═════ SUPPLIED DATA

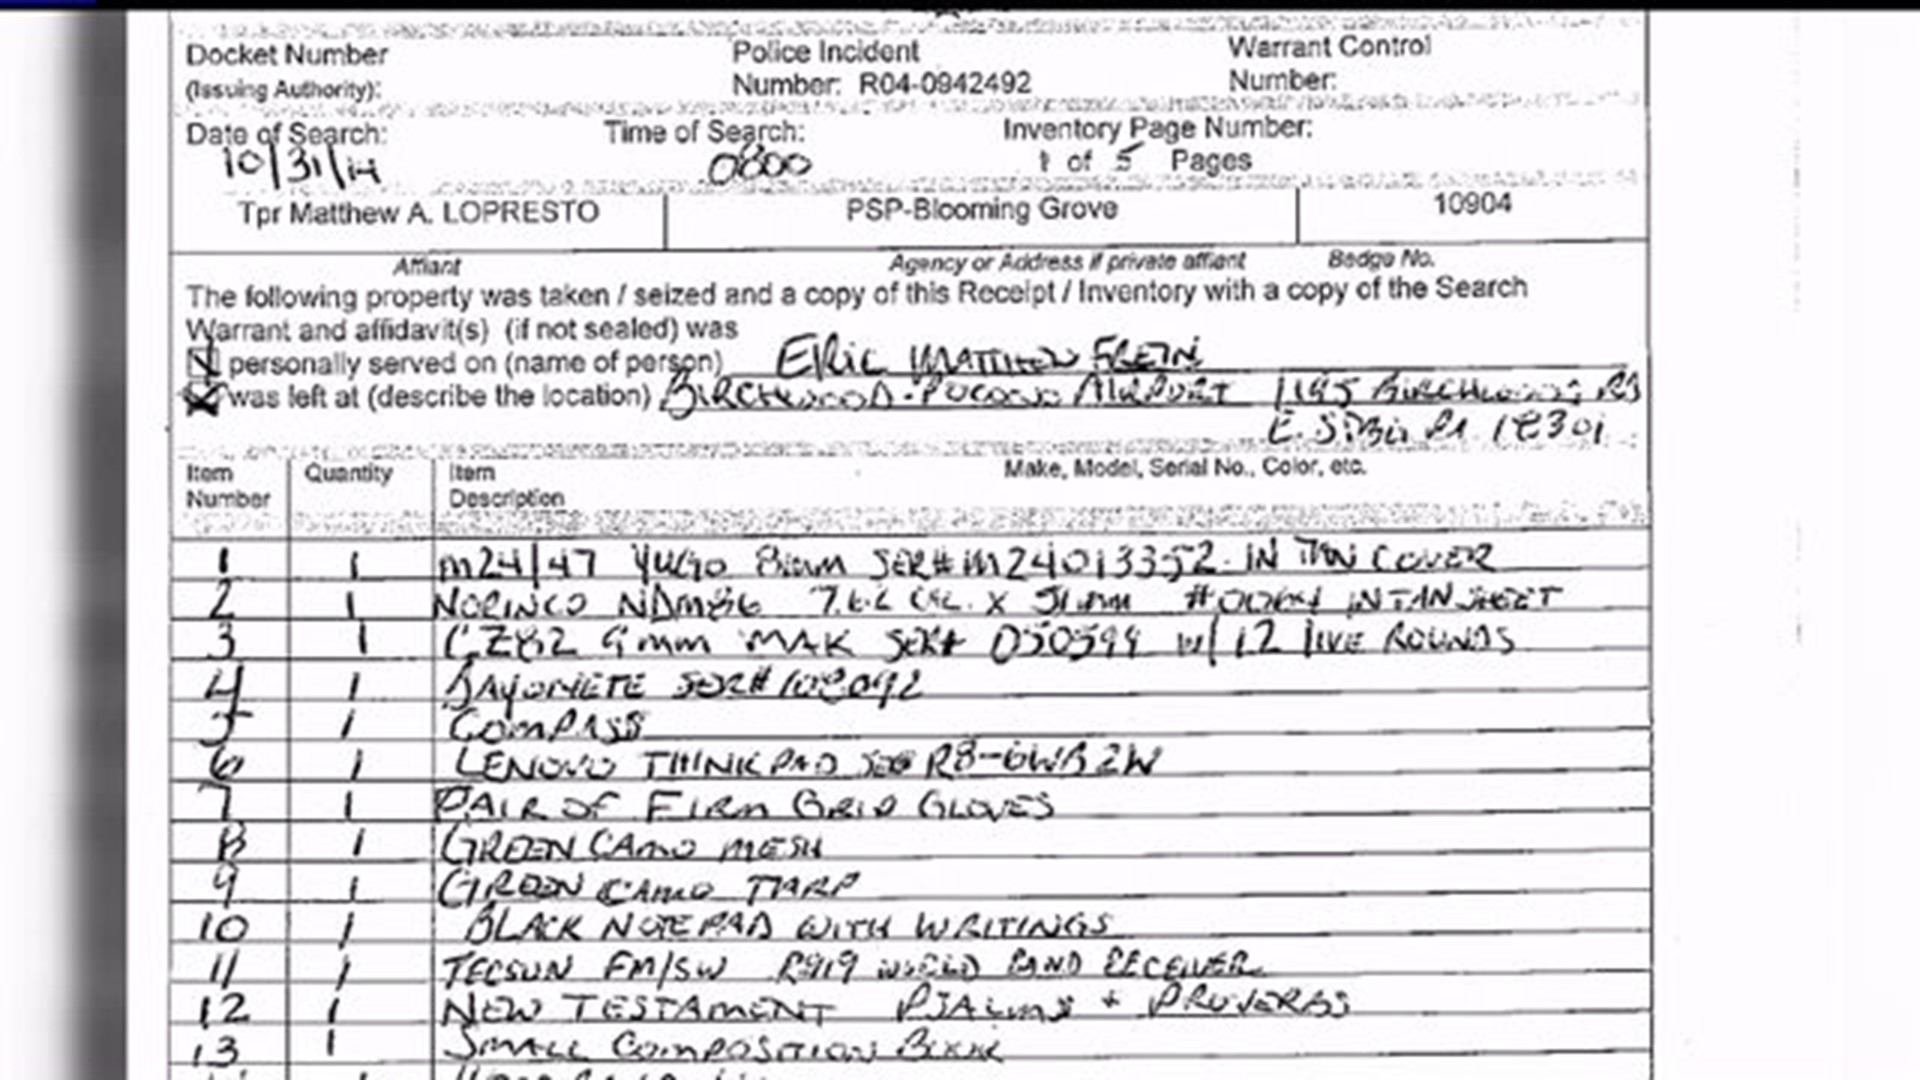 More Eric Frein warrants and items from airport hanger
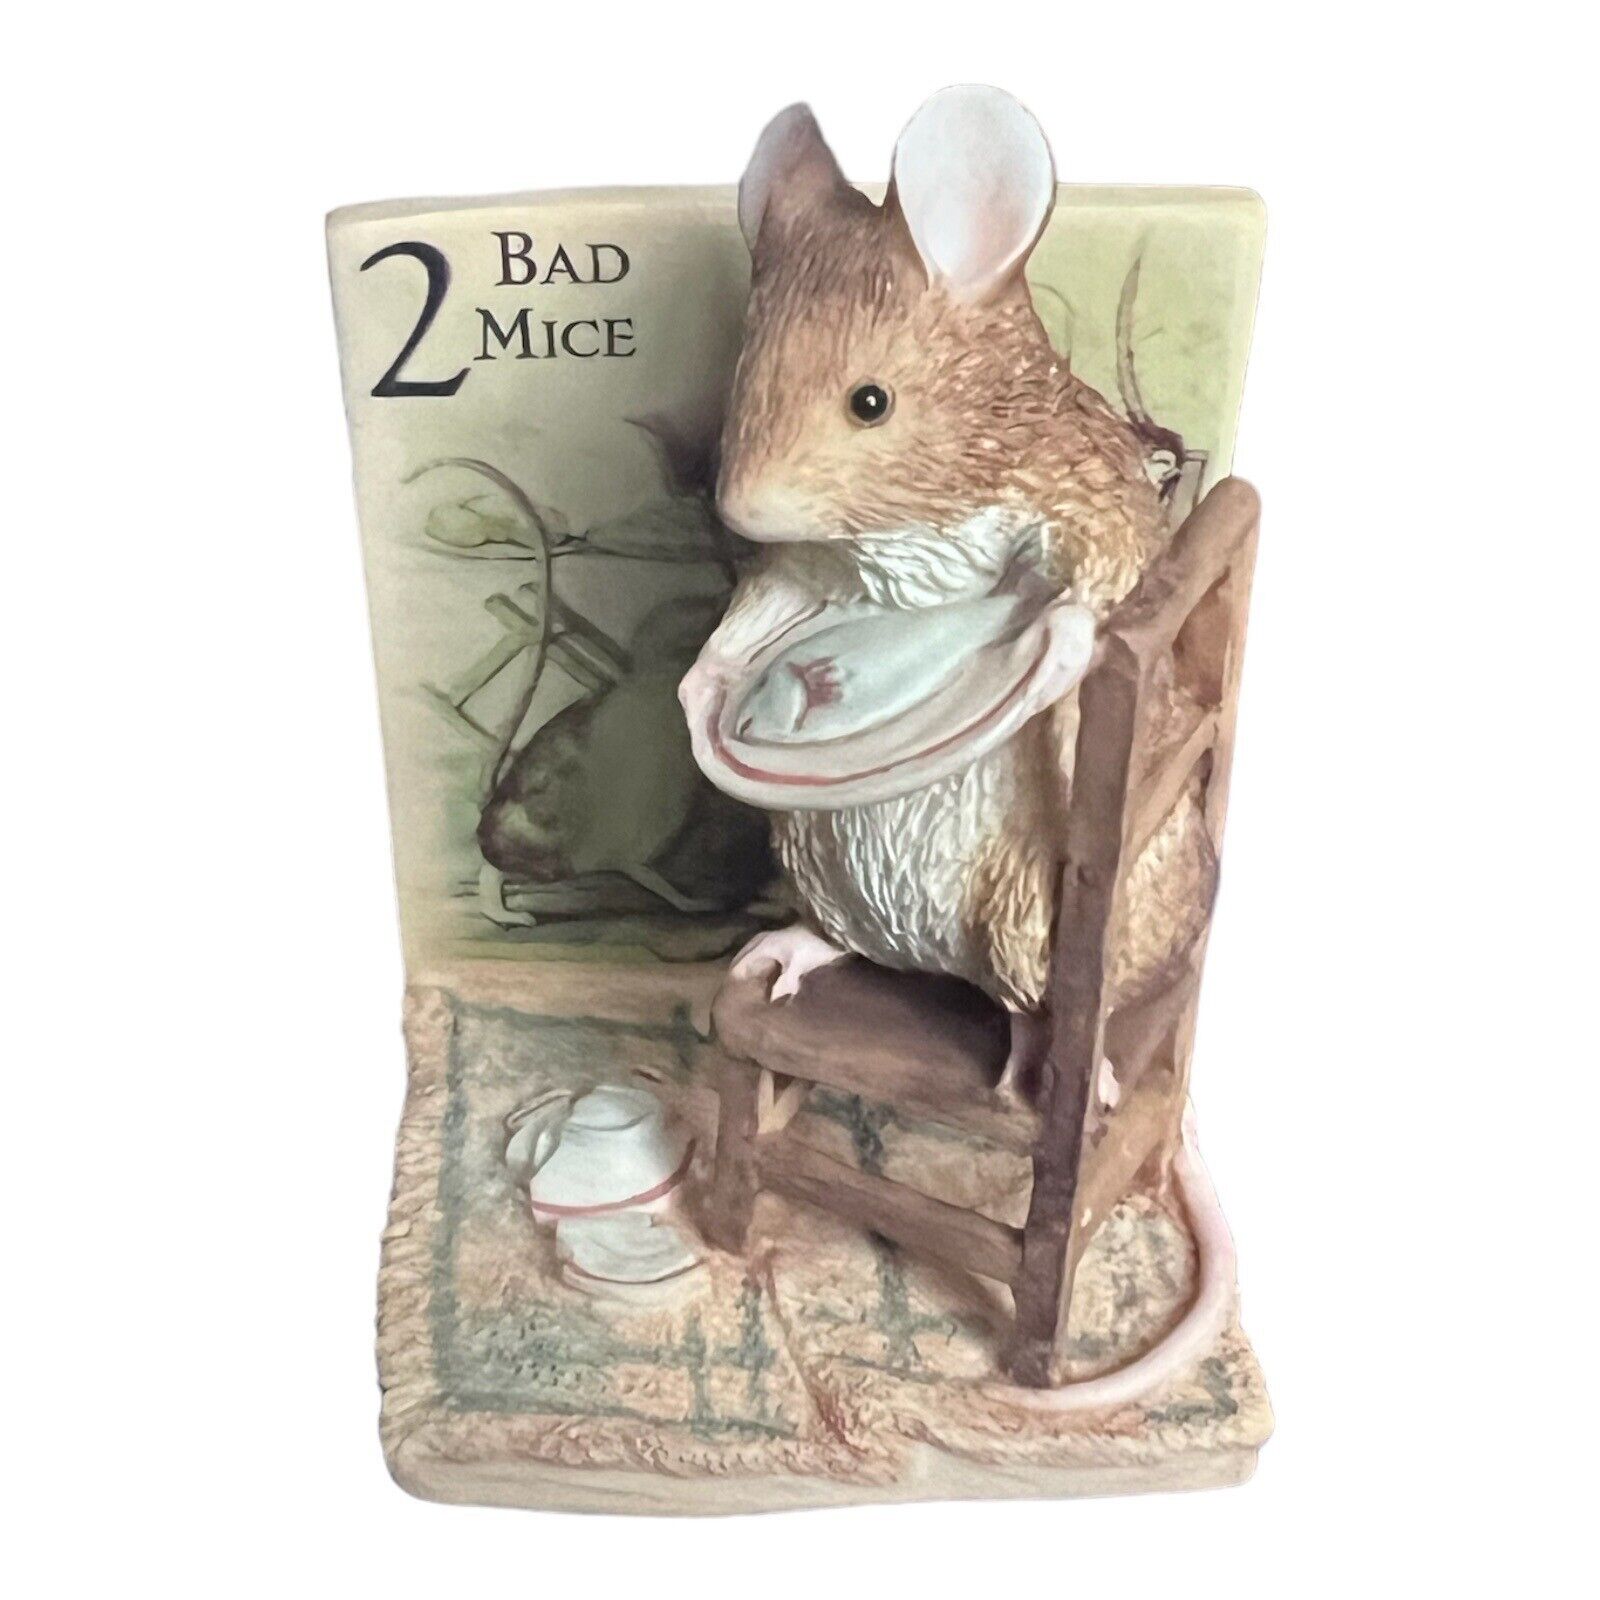 1997 The World of Beatrix Potter Two Bad Mice Figurine Vintage Numbered Figurine
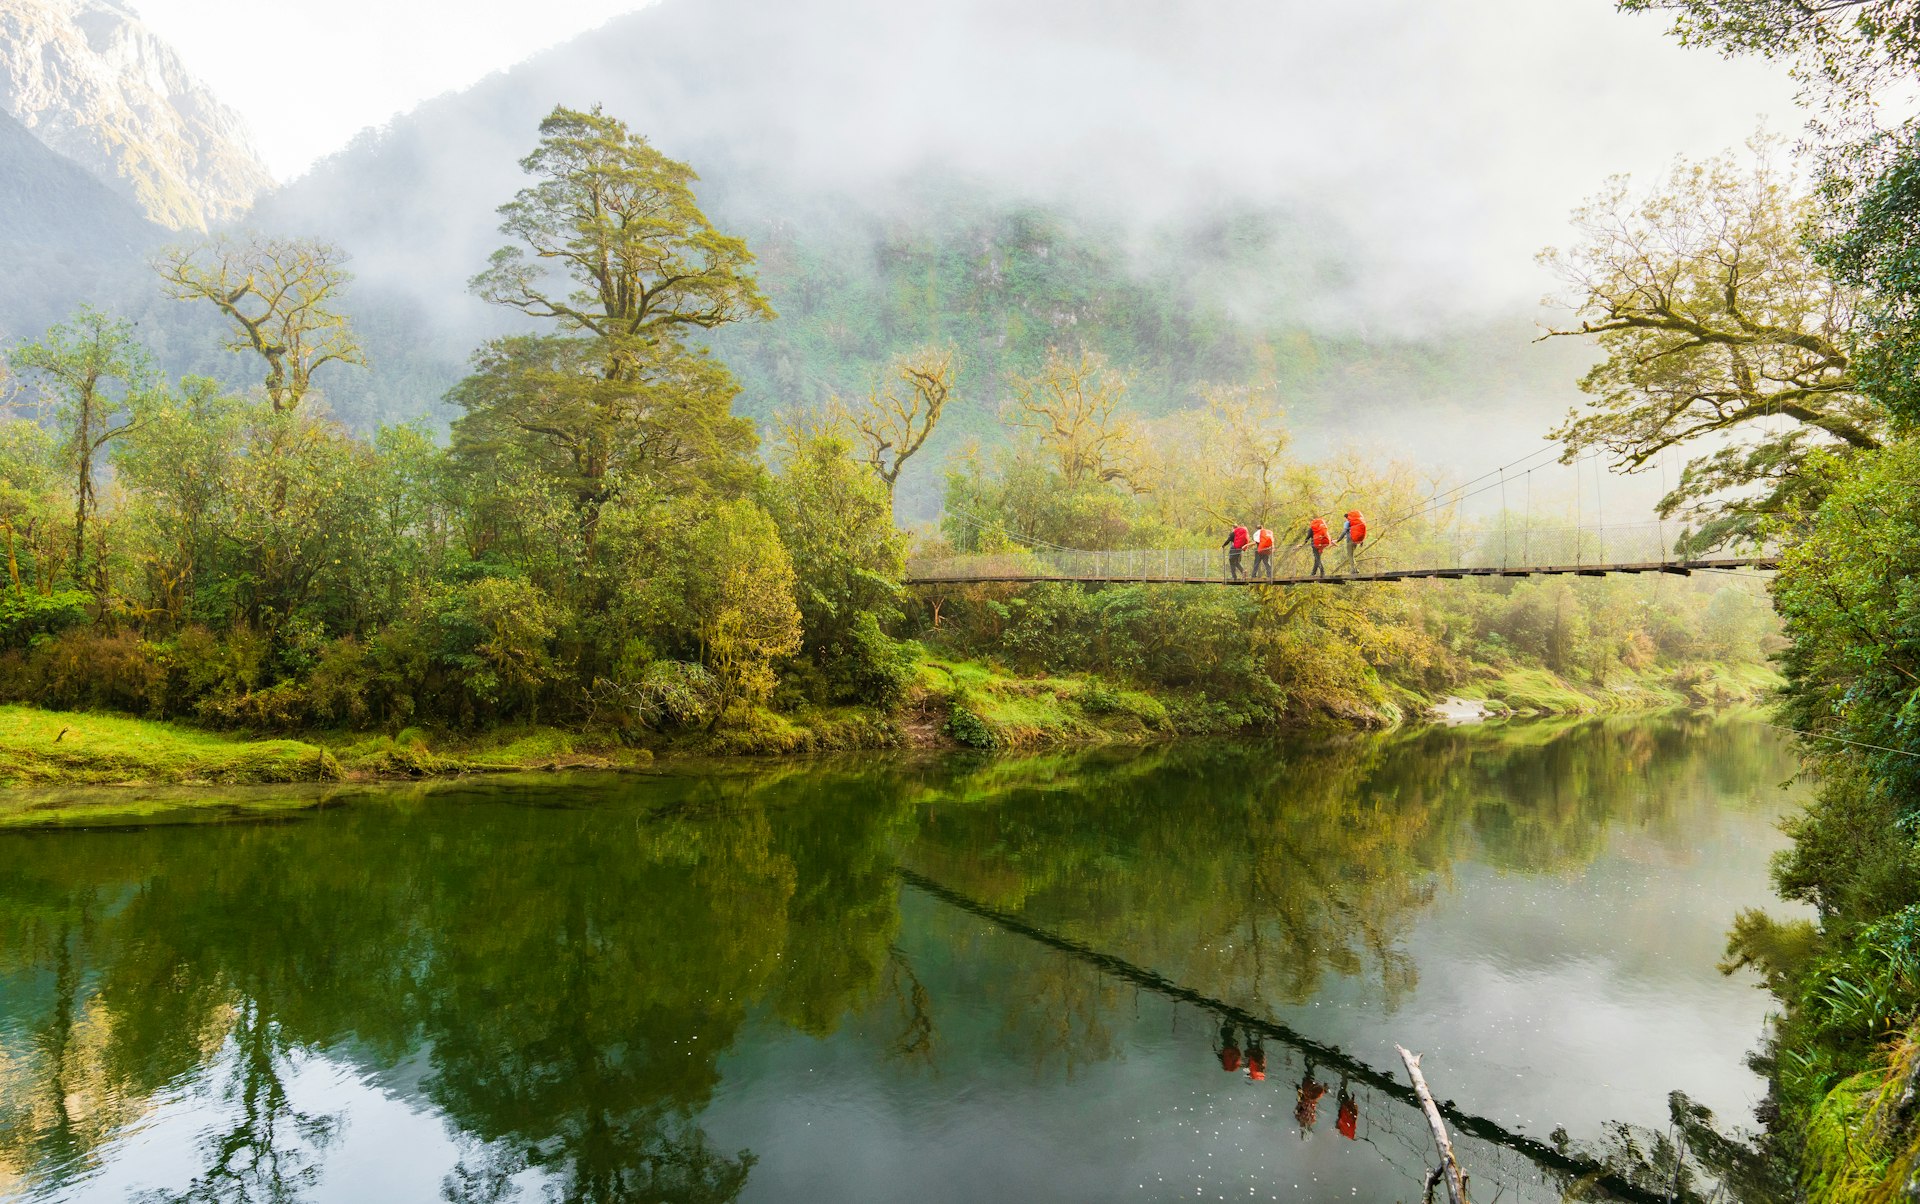 Hikers cross a bridge suspended above a river on a misty day

══════════

Repeat the lines from the line containing "1997 The World" through the end of the material above exactly, with no pictures and nothing else.

◆ ANSWER TO THE EXERCISE ◆
 1997 The World of Beatrix Potter Two Bad Mice Figurine Vintage Numbered Figurine
 Hikers cross a bridge suspended above a river on a misty day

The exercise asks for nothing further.